Ai fini della lettera b), i terzi possono essere il venditore nel caso di modelli del venditore.
7. Ai fini dell’accertamento di cui al paragrafo 1, lettera f), l’autorità competente verifica che la documentazione comprenda la descrizione delle carenze e dei limiti del modello, la valutazione se siano o no state rispettate le ipotesi di fondo del modello e l’anticipazione delle situazioni in cui il modello potrebbe dare risultati al di sotto delle aspettative o diventare inadeguato, nonché la valutazione della rilevanza delle debolezze del modello e gli eventuali fattori che possono attenuarle.
8. Ai fini dell’accertamento di cui al paragrafo 1, lettera g), l’autorità competente verifica che:
a)
la documentazione specifichi il processo da seguire quando un modello nuovo o modificato è applicato nell’ambiente di produzione;
b)
la documentazione comprenda i risultati delle prove di applicazione dei modelli di rating nei sistemi informatici, tra cui la conferma che il modello di rating applicato nel sistema di produzione è identico a quello descritto nella documentazione e funziona come previsto.

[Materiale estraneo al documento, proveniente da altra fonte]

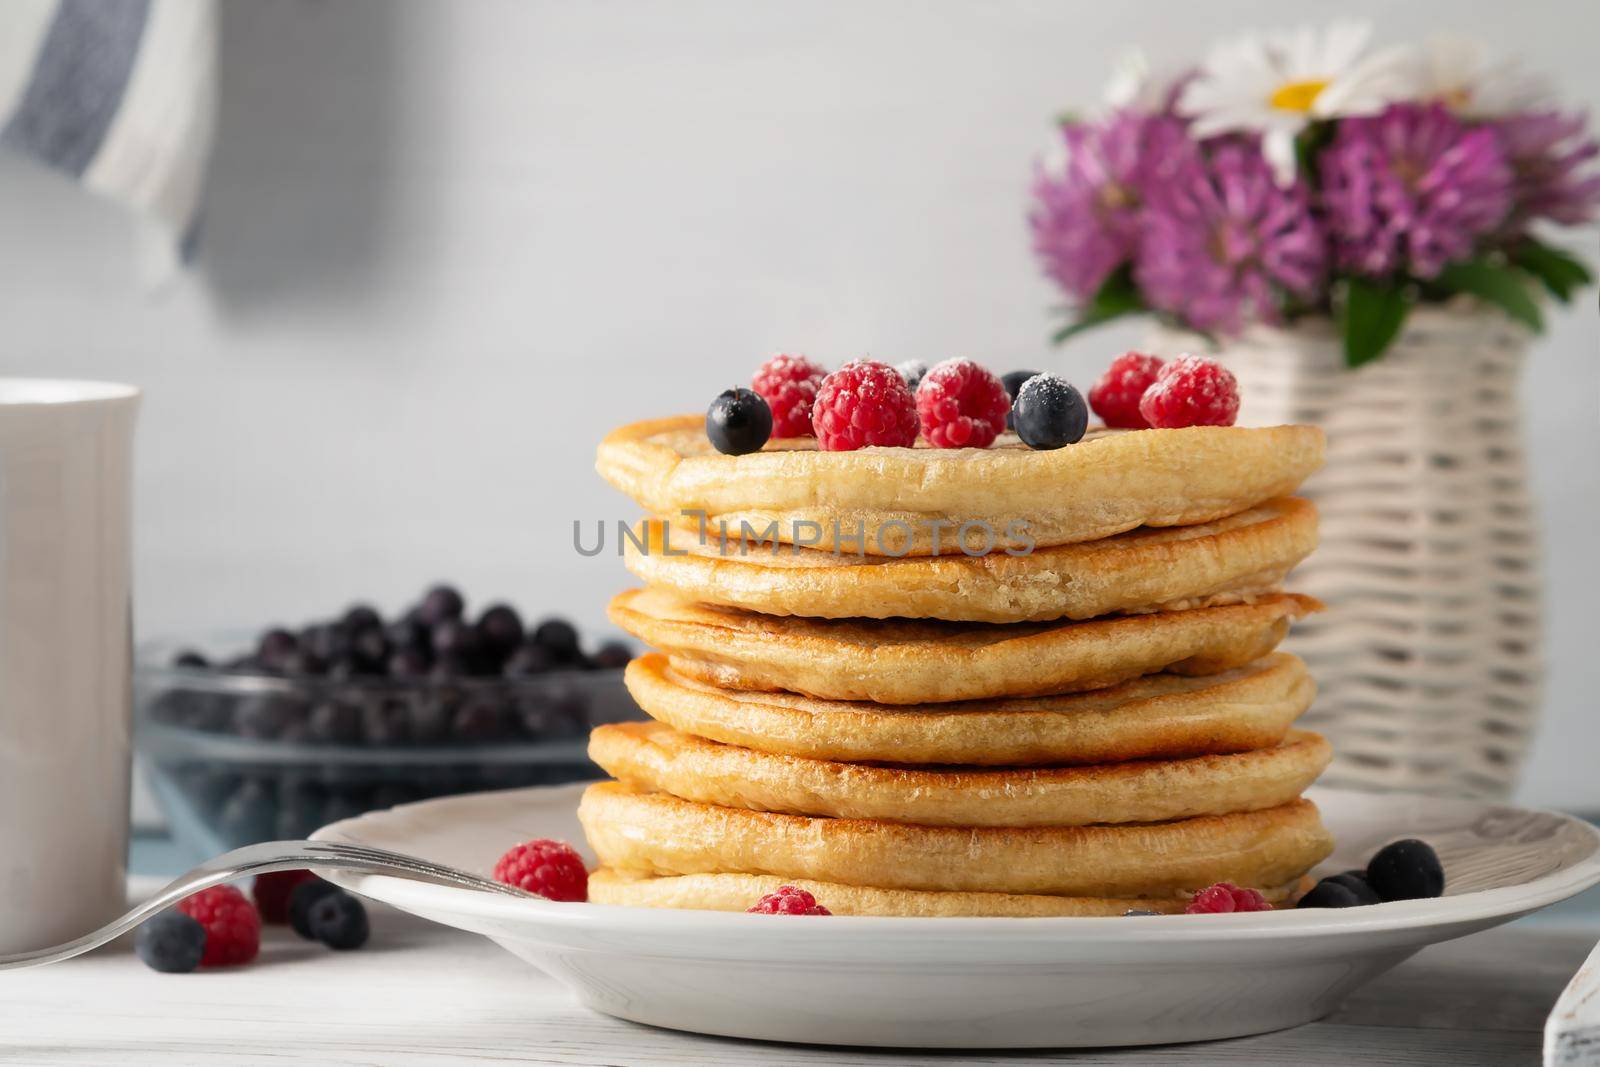 Stack of pancakes with fresh berries on a white plate and a vase of wildflowers on the table.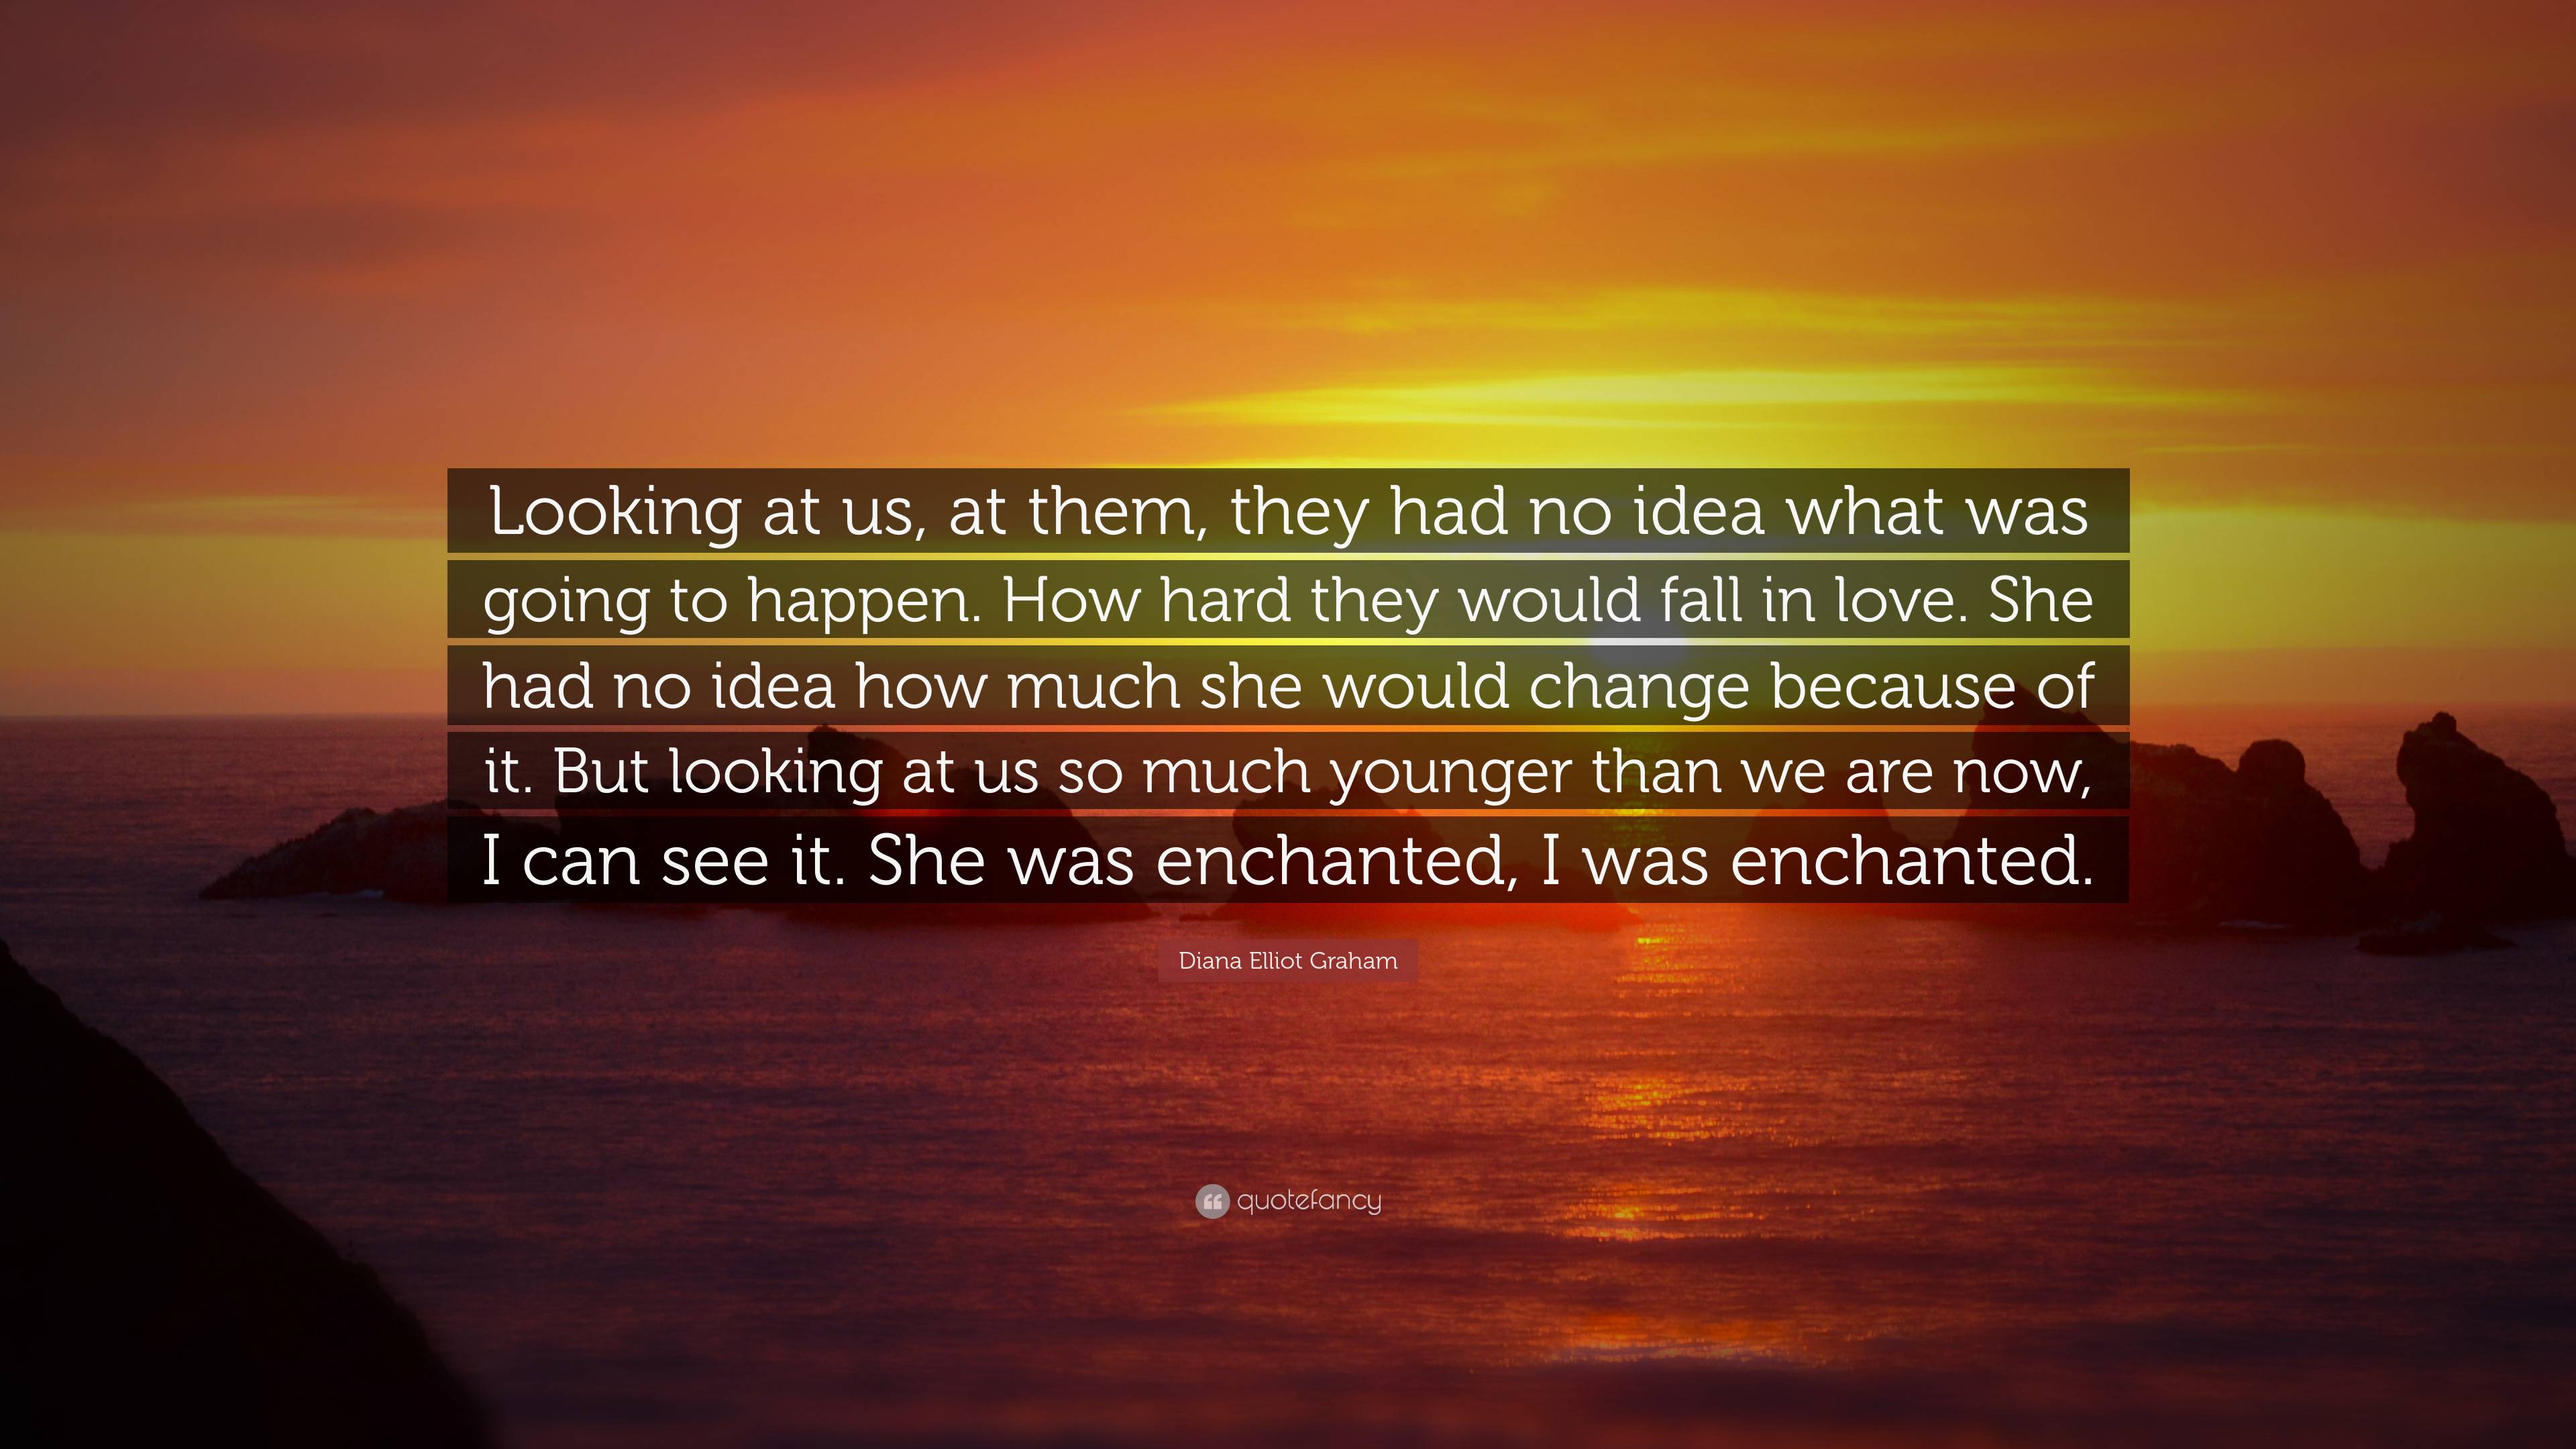 Diana Elliot Graham Quote: “Looking at us, at them, they had no idea ...

9. Ai fini dell’accertamento di cui al paragrafo 1, lettera h), l’autorità competente verifica che l’autovalutazione da parte dell’ente della conformità ai requisiti normativi per il metodo IRB sia effettuata separatamente per ciascun sistema di rating e sia rivista dall’audit interno o da un’altra unità di audit indipendente comparabile.